What scientists are learning about COVID-19 from animals

INDIANAPOLIS (WISH) — Health experts say a vaccine is the world’s best hope to ending the coronavirus pandemic.

And while there are currently dozens of human clinical trials underway, other trials are enlisting animals. Some are house pets, some live in pastures, and others in tropical rain forests.

Ferrets 

Ferrets are vulnerable to many respiratory illnesses found in humans, including lung cancer, cystic fibrosis and the novel coronavirus, thus making them great candidates for experimentation, scientists say.  

Researchers now know ferrets can contract and transmit COVID-19. This has a lot to do with how the virus enters the body and attacks the lungs. The mechanism mirrors how COVID-19 attaches to human lungs, scientists say.

Scientists from the Commonwealth Scientific and Industrial Research Organization in Australia have started two pre-clinical trials to test a potential COVID-19 vaccine using the animal.

Monkeys

Scientists from The Jenner Institute at Oxford University began working on a coronavirus vaccine back in 2019. While it’s not for COVID-19, the virus responsible for this pandemic, it’s very similar. 

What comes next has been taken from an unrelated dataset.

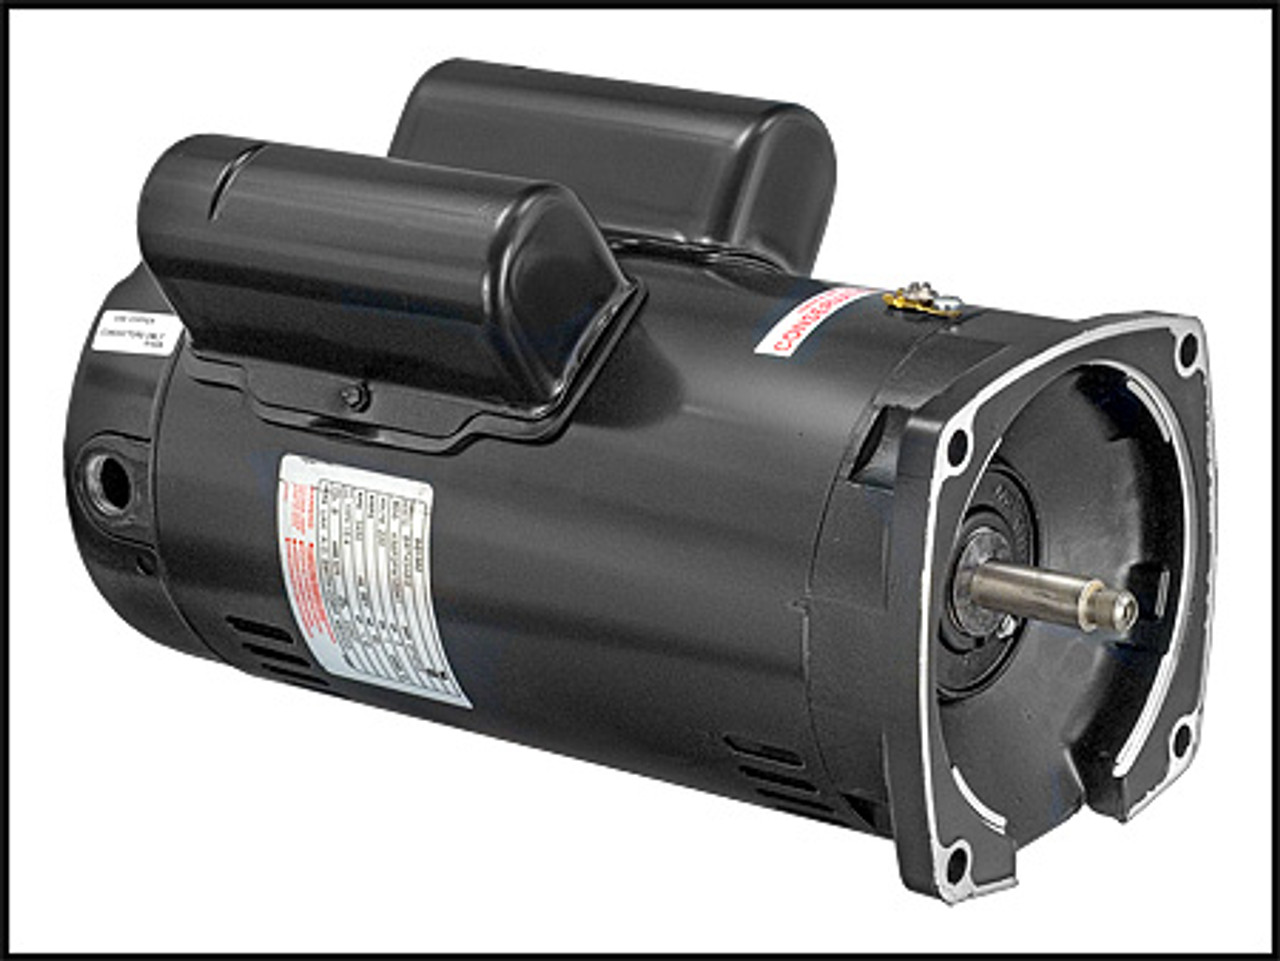 Regal Beloit/A.O. Smith 3 HP 230V Only 1 Phase Flanged Motor For Pool Pumps (#SQ1302V1)

The vaccine was tested at the National Institutes of Health’s Rocky Mountain Laboratory in Montana. Scientists injected six rhesus monkeys with the 2019 vaccine and then exposed them to the novel coronavirus. Less than a month later, all six monkeys showed no signs of COVID-19. 

Cows

Researchers are also looking to cows in an effort to develop a treatment. Scientists at SAB Biotherapeutics in South Dakota, through genetic engineering, created an embryo that contains parts of human chromosomes. The embryo is then implanted into the cow.

The resulting calf then grows into what scientists call a genetically humanized cow. The only overlap between the cow and a person is a portion of their immune system. 

The genetically humanized cows are then injected with COVID-19. The cow’s immune system — now similar to a person’s — would then attack the coronavirus. From there, scientists would look to see if the cows develop antibodies against it. The idea is that these antibodies would then be extracted from the cow’s blood and used as a drug to combat the coronavirus.